━━━ The data ━━━
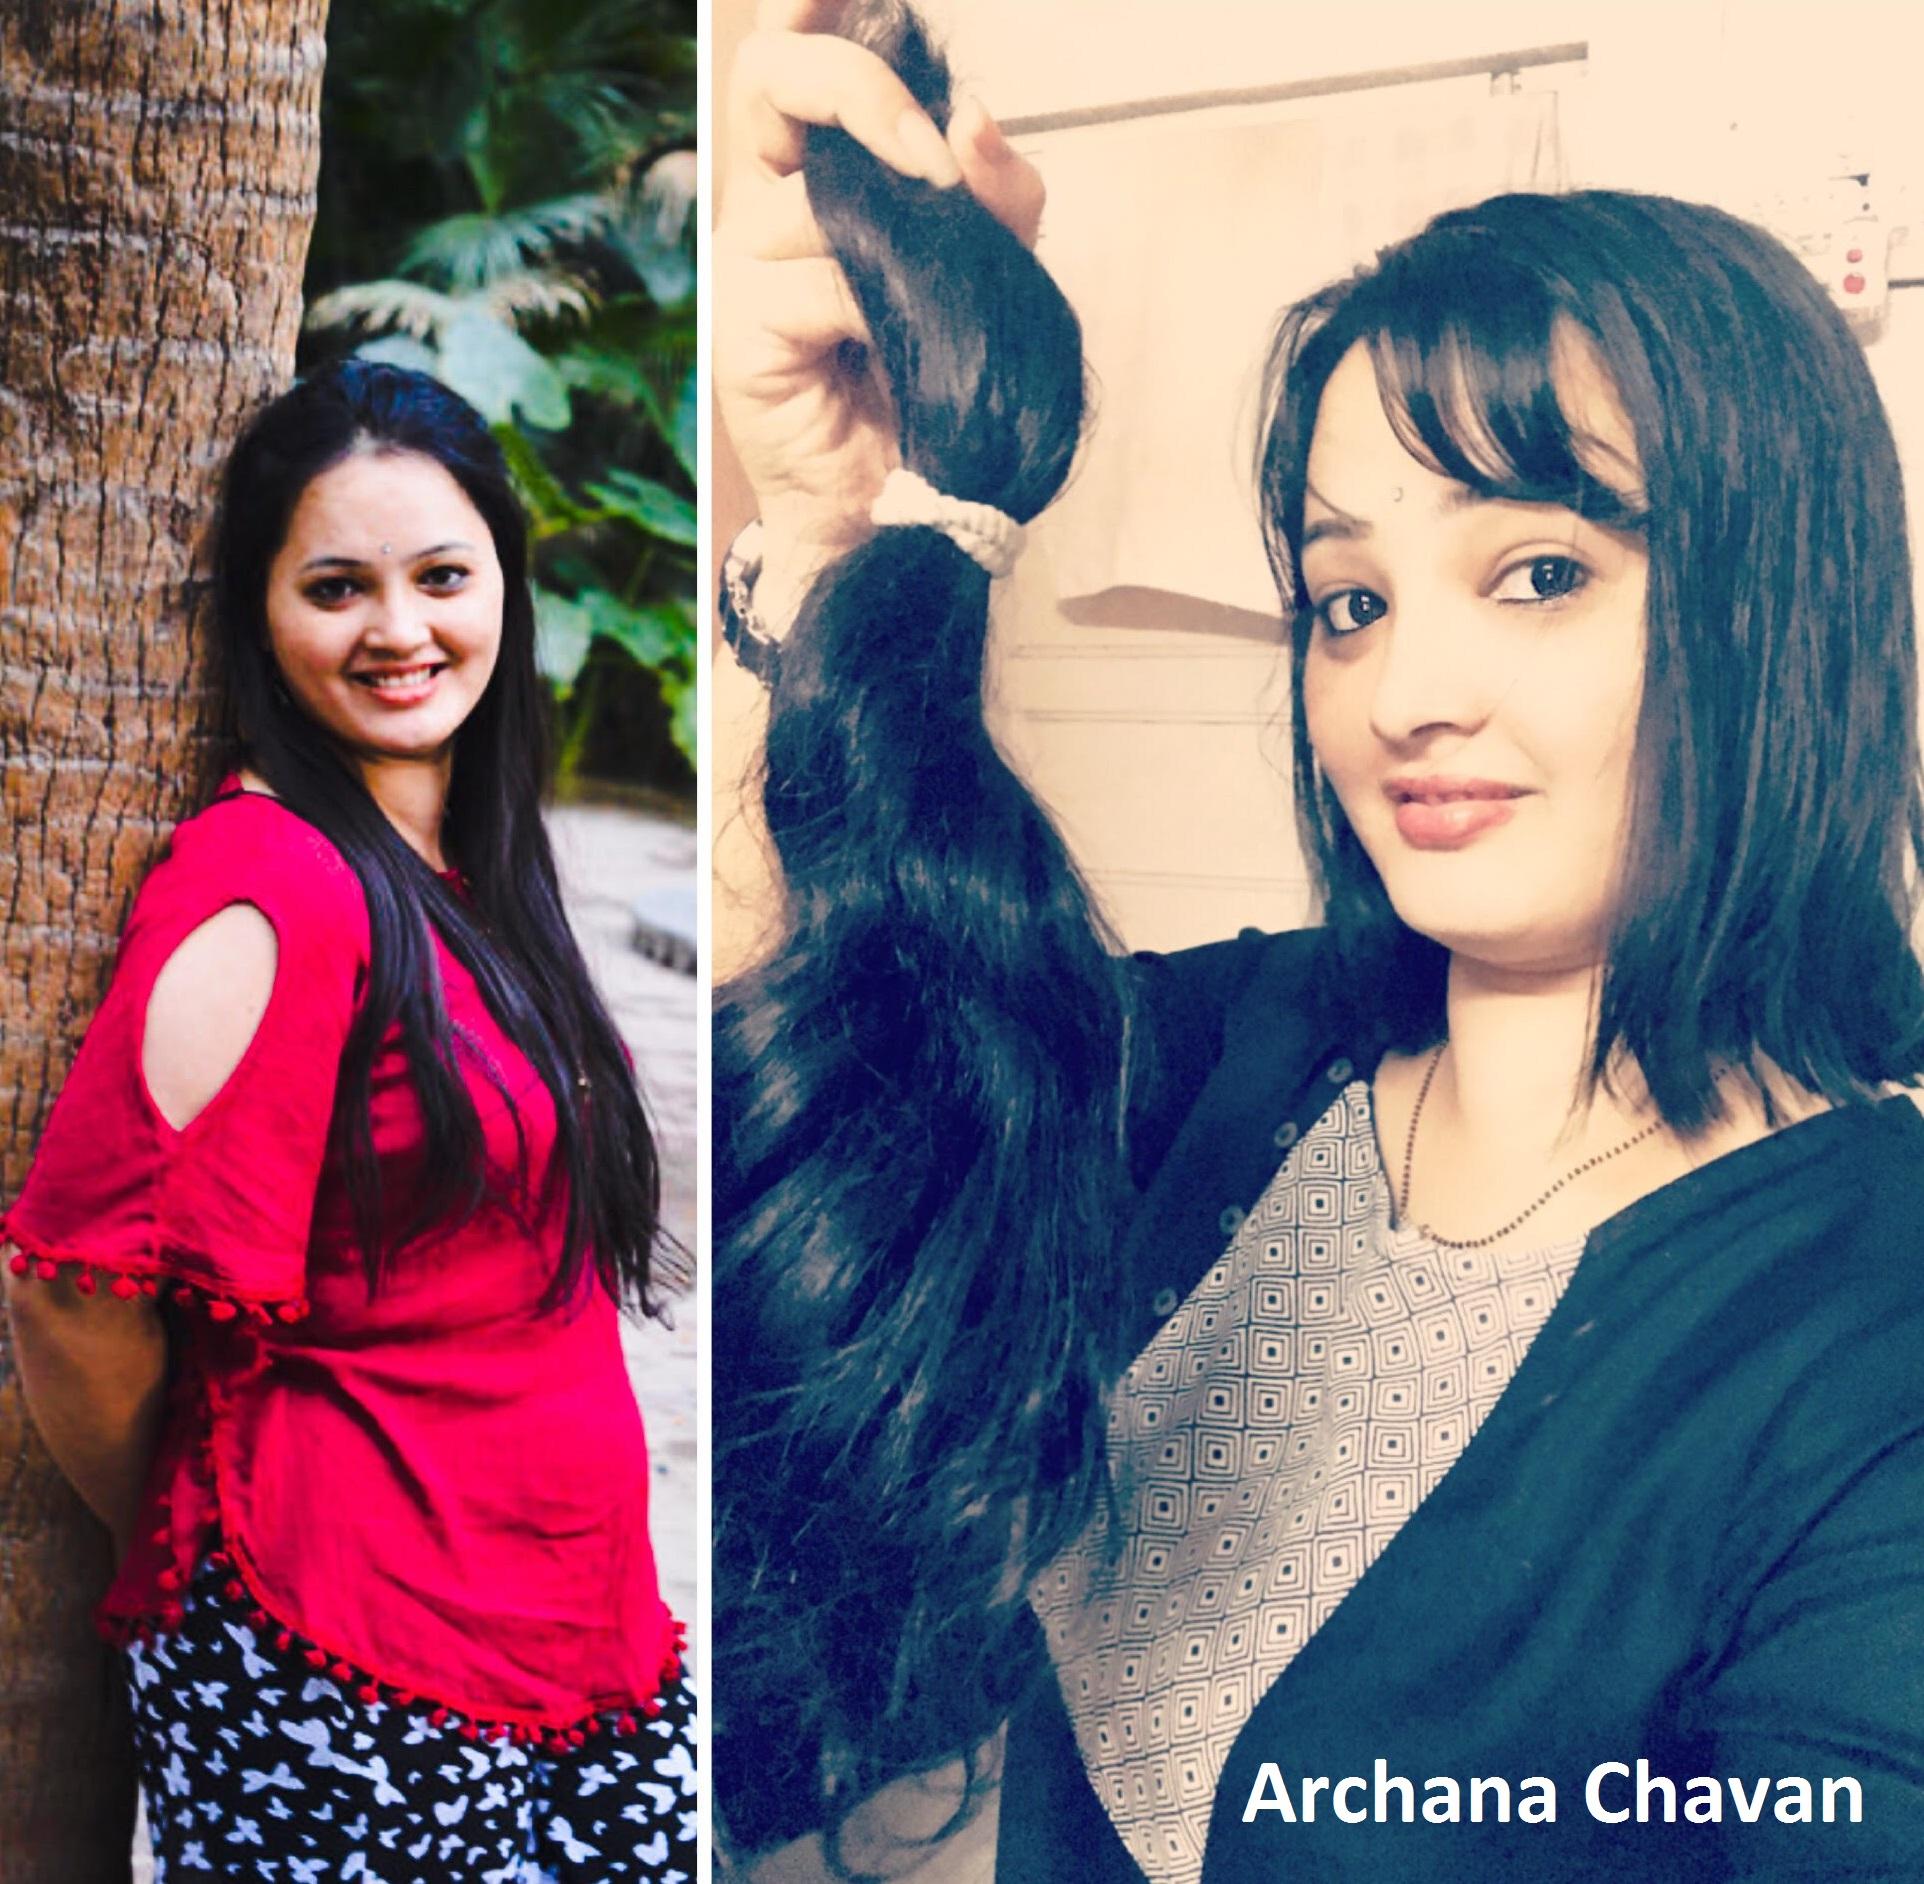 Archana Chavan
━━━
━━━ The data ━━━
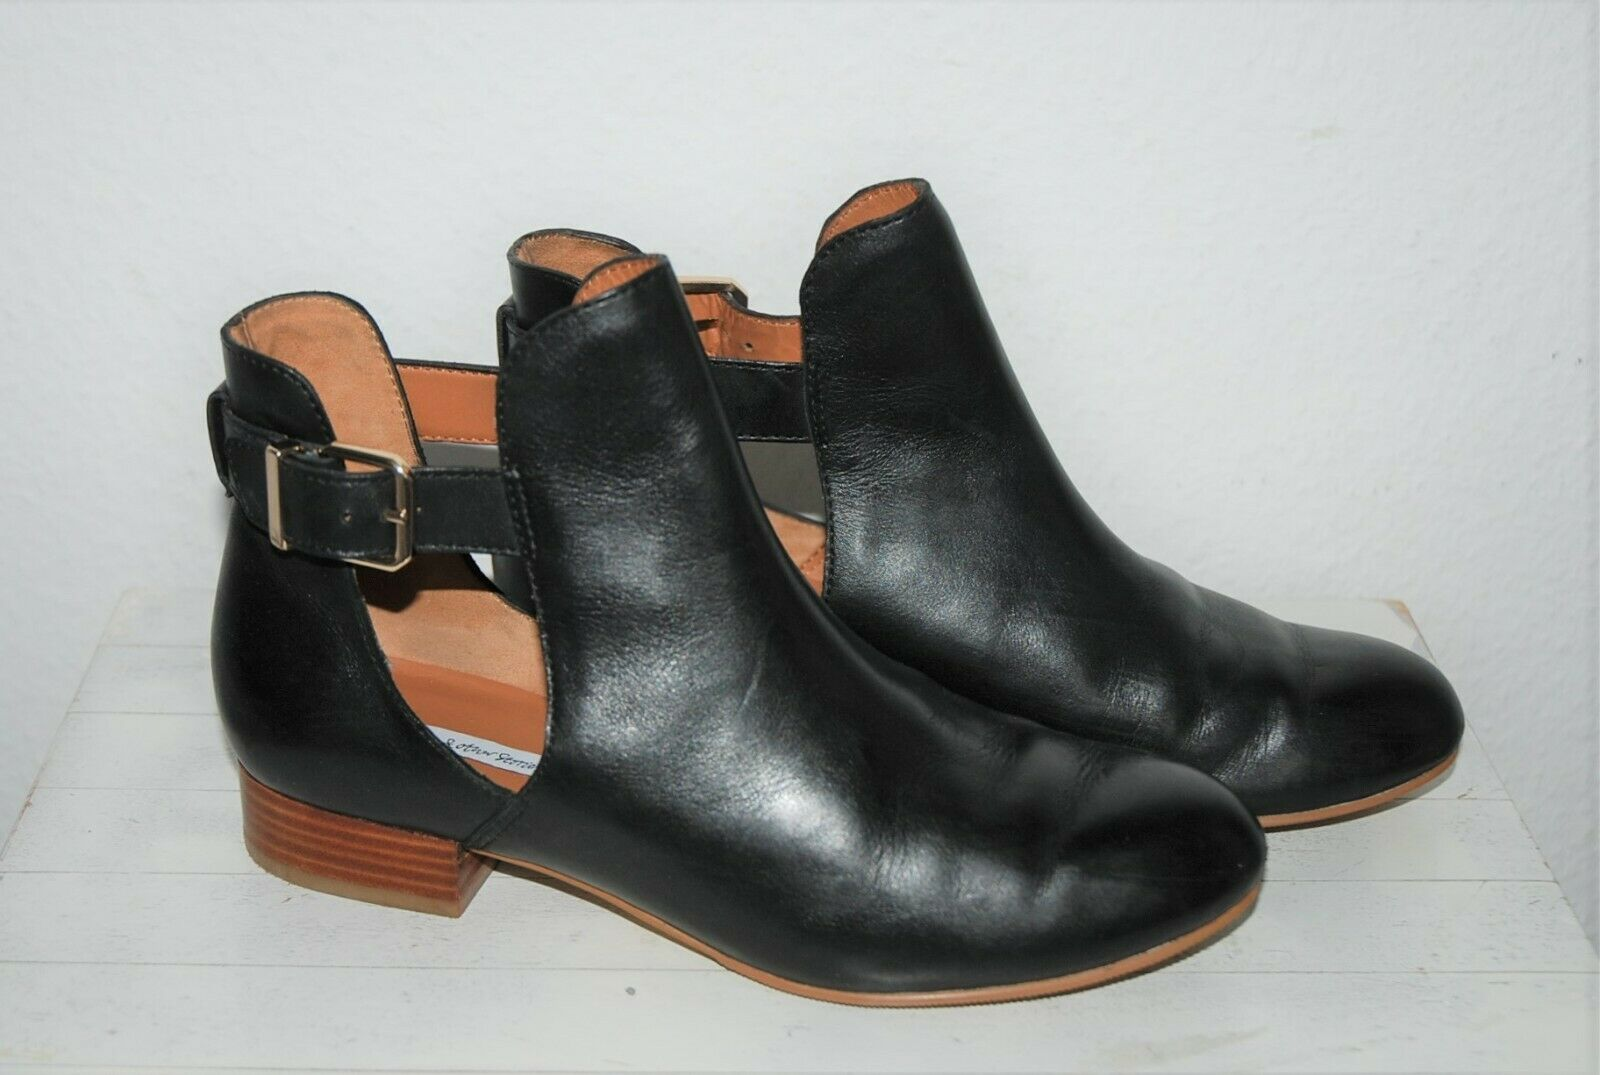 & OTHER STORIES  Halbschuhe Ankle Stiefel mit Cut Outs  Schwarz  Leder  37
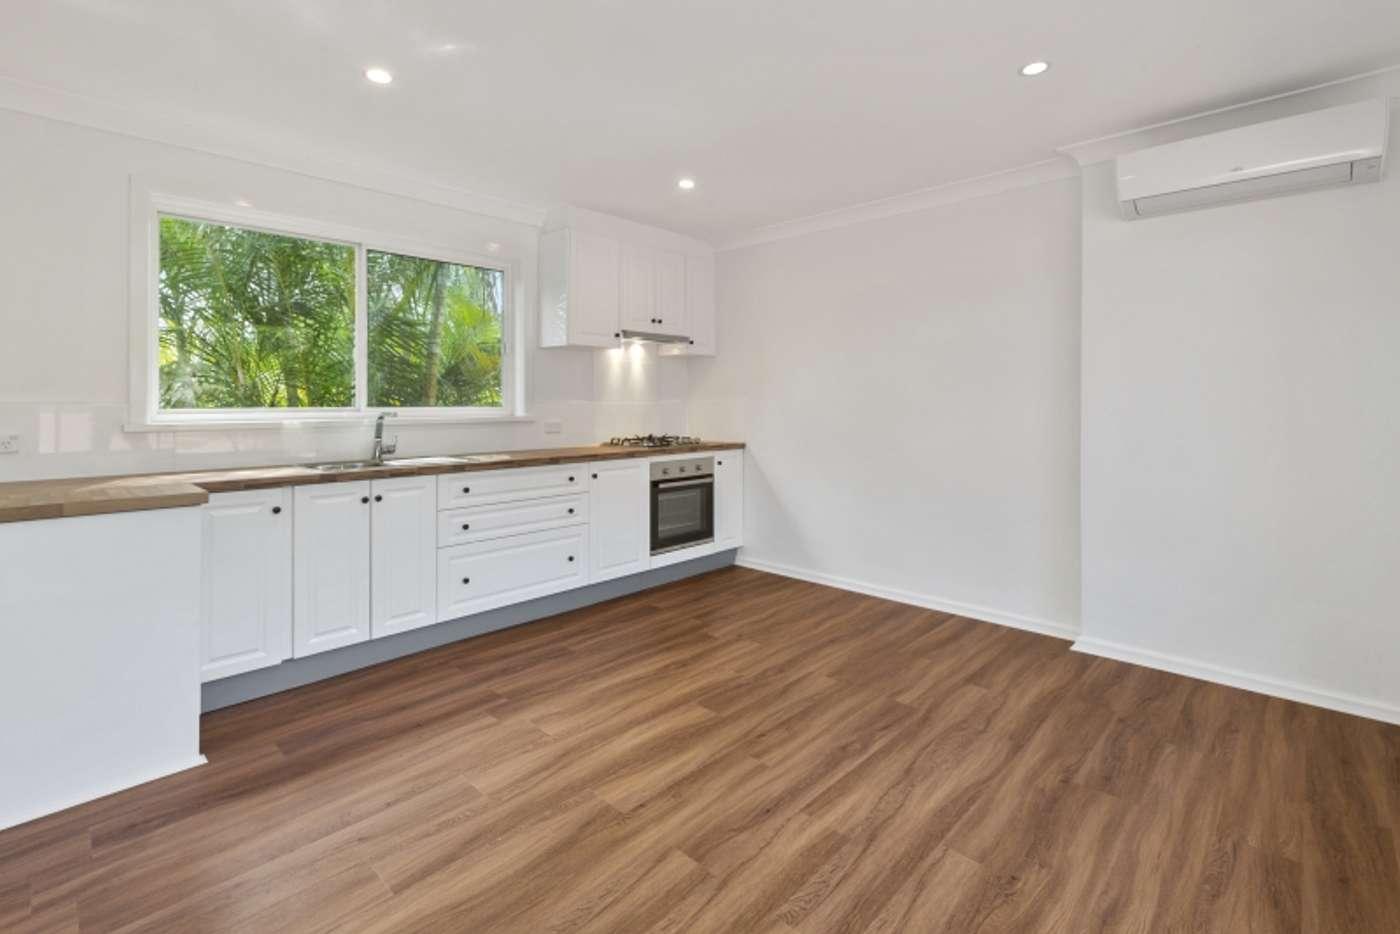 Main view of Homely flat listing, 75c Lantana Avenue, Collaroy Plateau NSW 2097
━━━
▸ Exercise prompt: Beginning with the line above that contains "Halbschuhe Ankle Stiefel" and finishing with the line that contains "Main view of", print those lines exactly and only. Skip all pictures.

▸ Exercise solution:
 & OTHER STORIES  Halbschuhe Ankle Stiefel mit Cut Outs  Schwarz  Leder  37
 Main view of Homely flat listing, 75c Lantana Avenue, Collaroy Plateau NSW 2097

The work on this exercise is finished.